Supreme Judicial Court of Massachusetts, Bristol

July 18, 2018

COMMONWEALTH
v.
JOSEPH FRAGATA.

          Heard: December 4, 2017.

         Complaint received and sworn to in the Fall River Division of the District Court Department on December 28, 2015. The case was tried before Gilbert J. Nadeau, Jr., J.

         The Supreme Judicial Court granted an application for direct appellate review.

          Christopher DeMayo for the defendant.

          Roger L. Michel, Jr., Assistant District Attorney, for the Commonwealth.

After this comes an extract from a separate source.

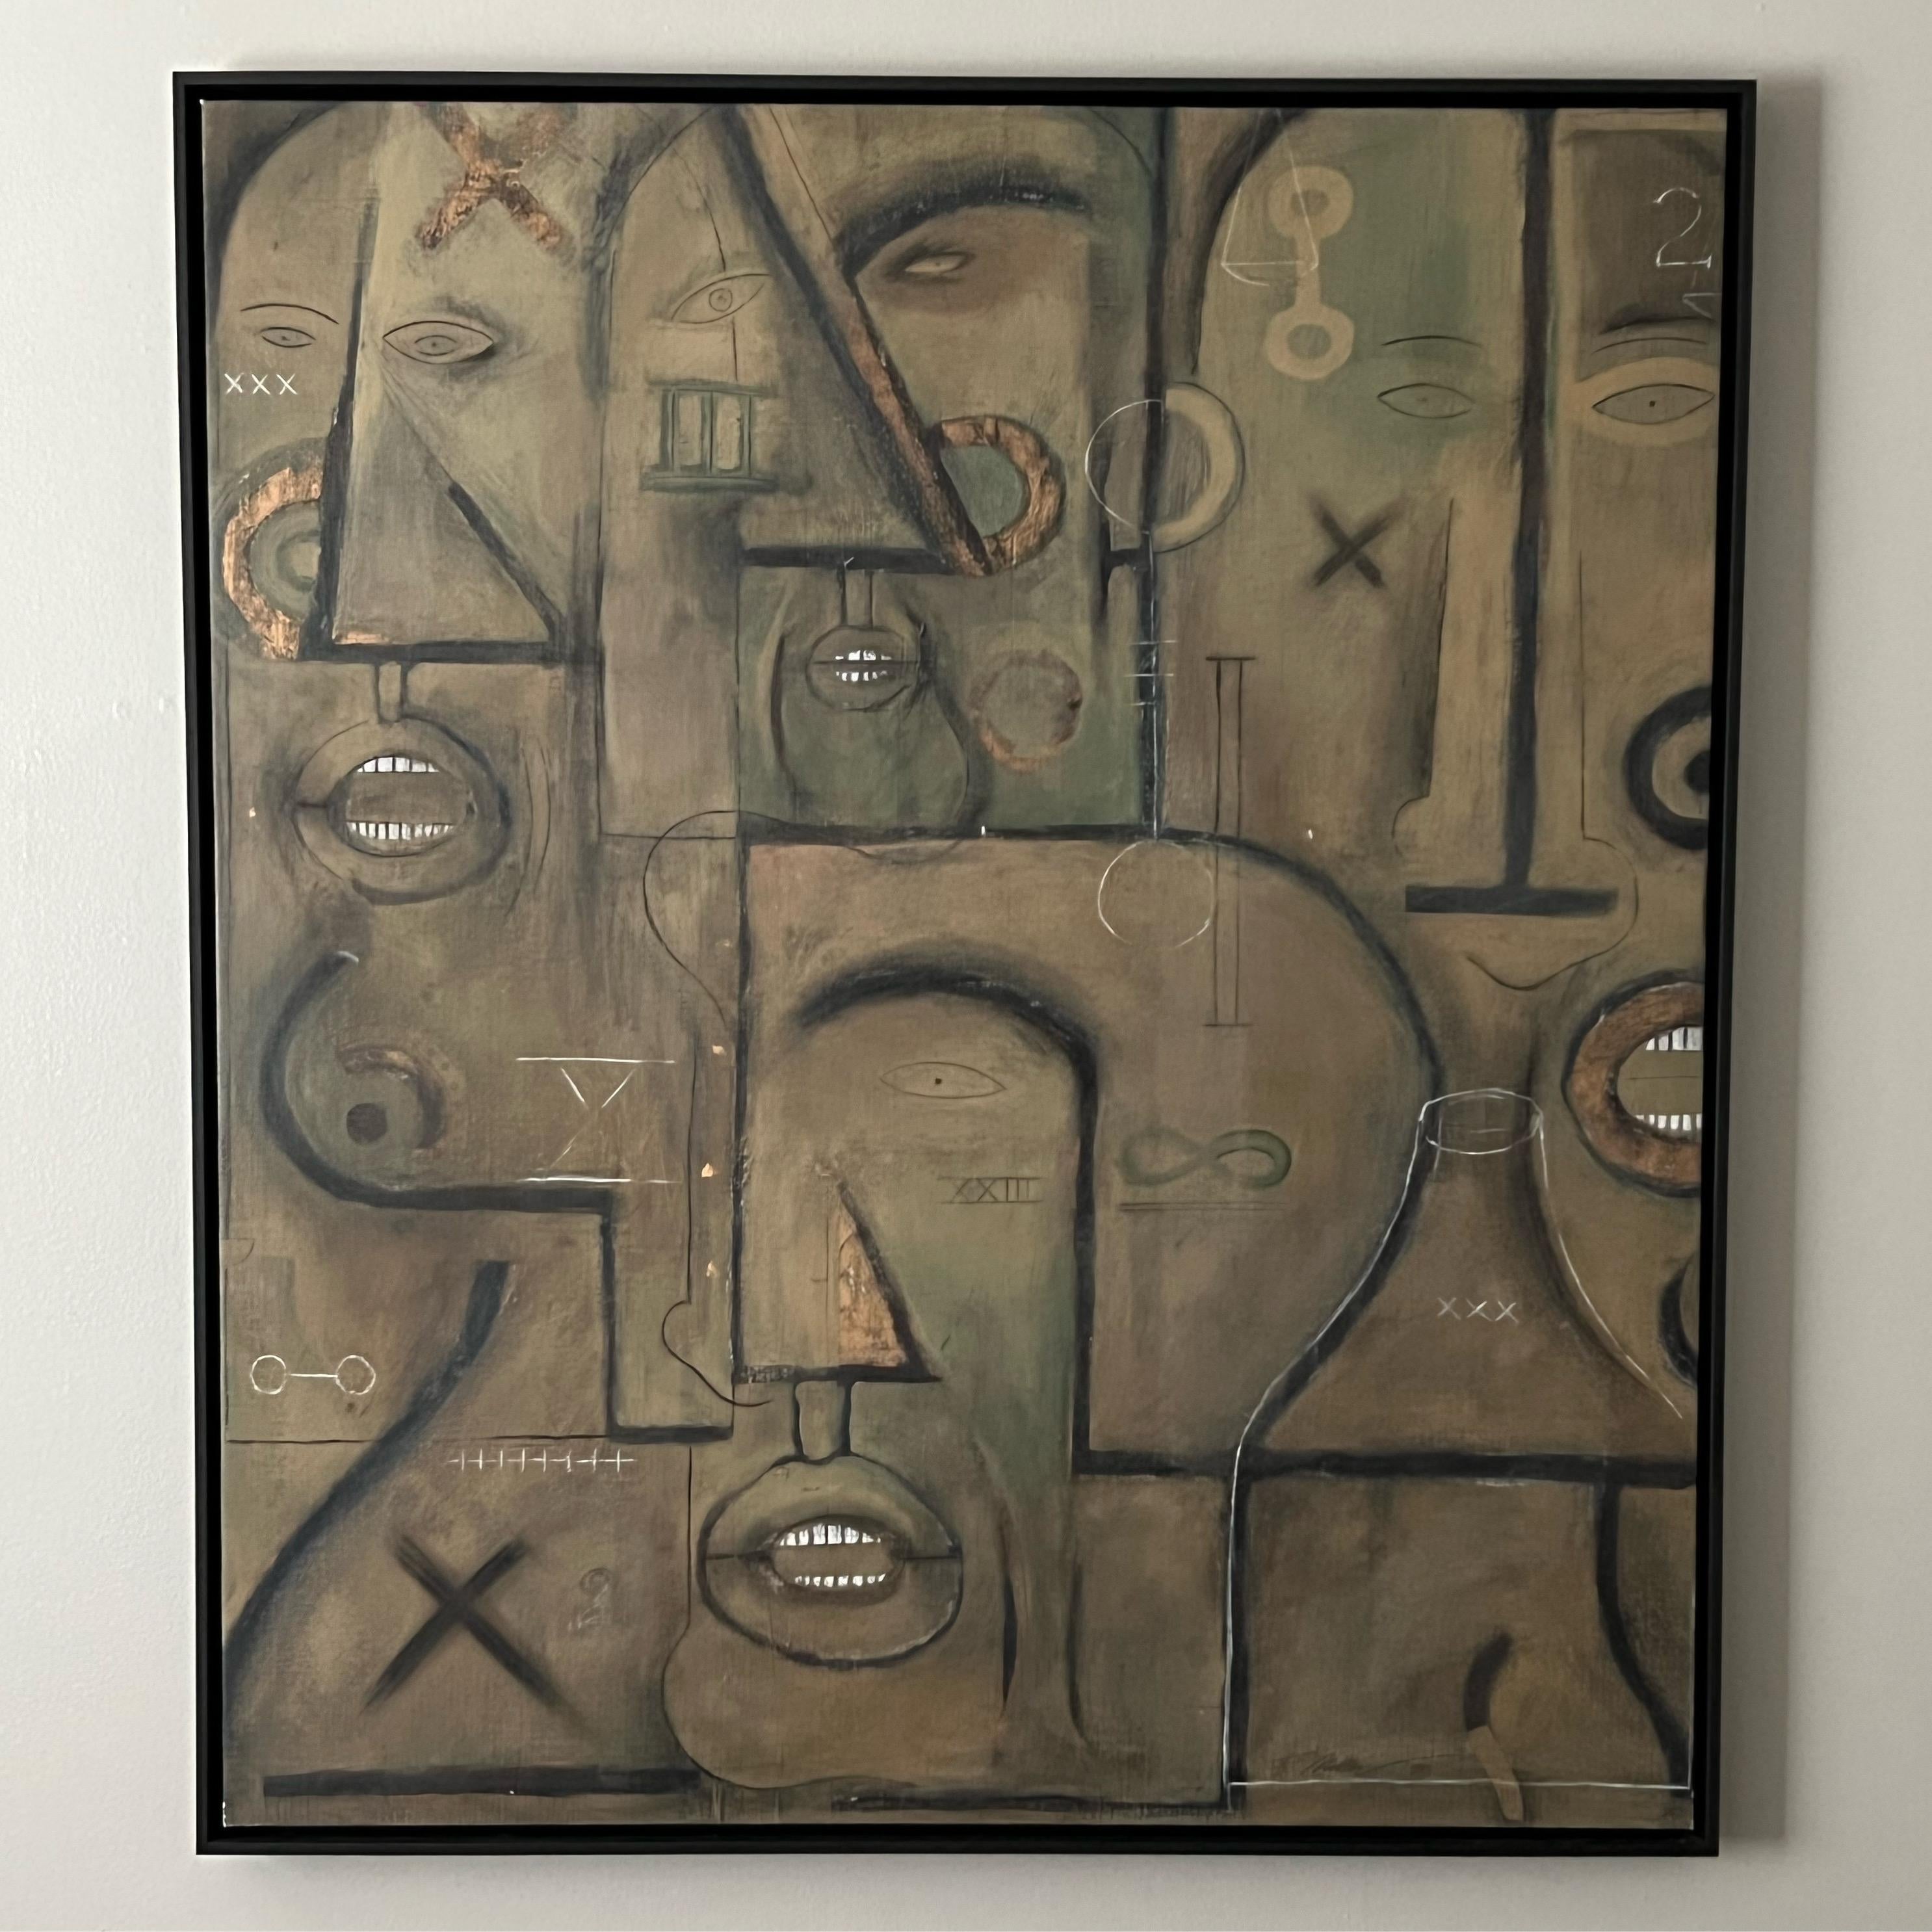 Cubist artwork, acrylic on canvas, by F. Miller, 1998. Dimensions: W42.5” x D2” x H49”.
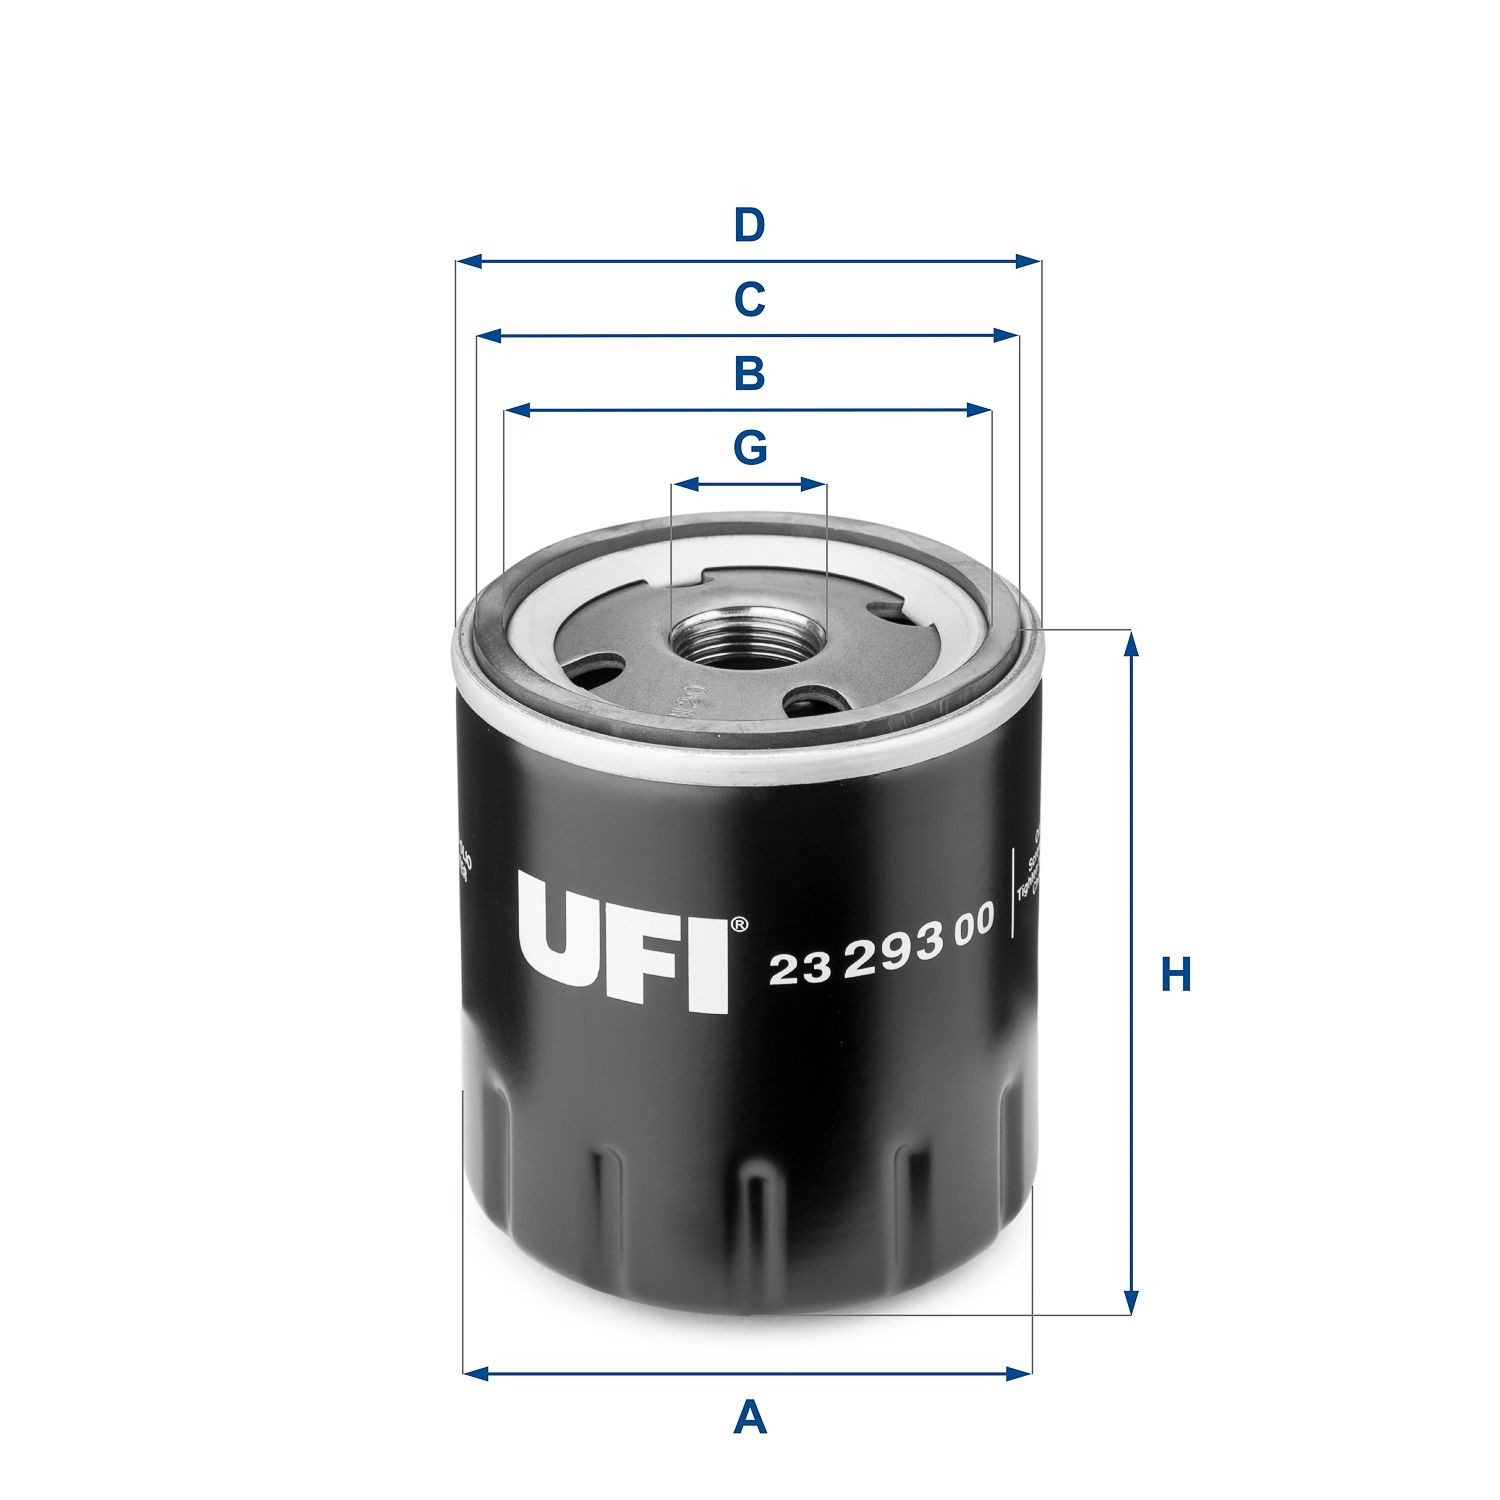 23.293.00 Oil filter 23.293.00 UFI M 20 X 1,5, with one anti-return valve, Spin-on Filter

          Present Gants, C.J., Gaziano, Lowy, Cypher, & Kafker, JJ.

          LOWY, J.

         A District Court jury convicted the defendant, Joseph Fragata, of intimidating a witness in violation of G. L. c. 268, § 13B, in connection with an incident of alleged domestic violence.[1] The statute, as relevant here, provides:

"Whoever, directly or indirectly, willfully . . . attempts or causes physical injury . . . [or] intimidates . . . another person who is ... a witness or potential witness at any stage of a criminal investigation, ... or other criminal proceeding of any type . . . with the intent to impede, obstruct, delay, harm, punish or otherwise interfere thereby, or do so with reckless disregard, with such a proceeding shall be punished . . . ."

G. L. c. 268, § 13B (1) (a.), (c) (i), (v), as amended through St. 2010, c. 256, § 120.[2] The Commonwealth's theory at trial was that the defendant violated § 13B (1) (c) (i) by taking away the alleged victim's cellular telephone to prevent her from calling 911 for help after he had verbally assaulted her. On direct appellate review, the defendant contends primarily that the evidence was insufficient to sustain his conviction of witness intimidation under § 13B (1) (c) (i), because no view of the evidence would have allowed the jury to conclude that he had committed any crime before he took the victim's cellular telephone.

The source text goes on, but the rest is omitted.